Never mind the weird cockroach, the window that wouldn’t open: Mrs. Sullivan loved that apartment. It was her dressing room, she said, and outside, the city was her theater. Suddenly, she was terrified that she was going to lose her mind.

Let’s fix this, Mrs. Dupuy told him. The journalist and researcher in her went to work. She uncovered a red tape that seemed to be behind the eviction notice. It was like pulling a thread out of the proverbial sweater, except it’s the sweater you’ve worn for 40 years and you don’t have another.

She collected documents and receipts and located the original problem, when a city agency that subsidizes Ms. Sullivan’s rent requested a current lease and no one responded. That agency had quietly stopped paying her portion of the rent.

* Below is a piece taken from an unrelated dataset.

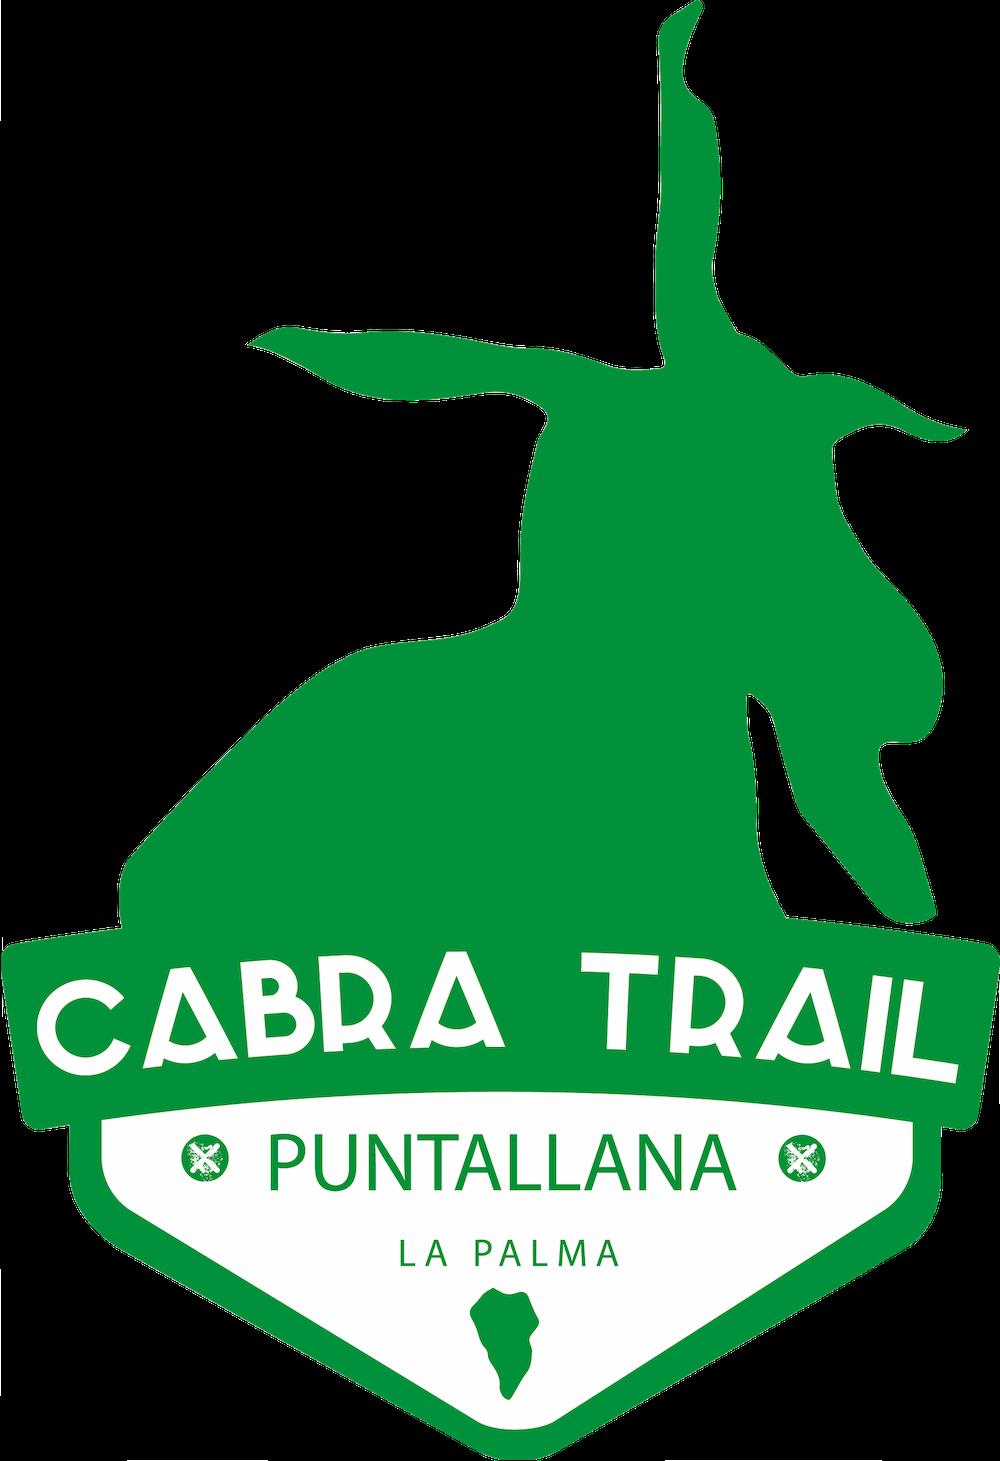 Puntallana Cabra Trail Logo

Mrs. Sullivan, who had marched in Selma before armed soldiers, who had stood watching an exploding atomic bomb, was now consumed by the fear experienced by countless anonymous New Yorkers. She started having a recurring nightmare. “They come, pick me up and take me away,” she said. “I say no!'”

The trial date was drawing near, in an imposing gray building downtown near City Hall. The two women took a car and arrived early. They sat in the crowded gallery and waited and whispered. A court official silenced them.

The clerk called her case, and she stood up. “I’m Sheila Sullivan,” she said.

There were questions about the lease, and Ms. Dupuy showed the secretary her file of documents. The women were directed down the hall to an office where they were told to sit until a lawyer was available, free of charge.

Ms. Dupuy, if she was being honest, was scared in her own right. What if she had missed something? What if this process was too far along to stop and she had let her friend down? She pictured Mrs. Sullivan, with the stamp of some clerk who would never see her, being forced out of her home and looking for a new one on her fixed retirement income. How far away would they end up living?

Finally, they were led to a cubicle.

Housing court attorneys handle all types of distressed men and women facing evictions with no ready answers, no job, no income. Hopeless. Here was this client, Sheila Sullivan, and her friend with an organized stack of documents drawing a clear line from problem to solution.

The lawyer looked at the two women in front of him. Everything, he said, is going to be fine.

Ms. Sullivan remembers that day in 2013 when the new neighbor next door rang the doorbell because she had been locked out. Think, now, how all that turned out. It’s like a story straight out of that box of photos and Playbills.

They went directly from the court to his Italian home. Two cosmopolitans, please.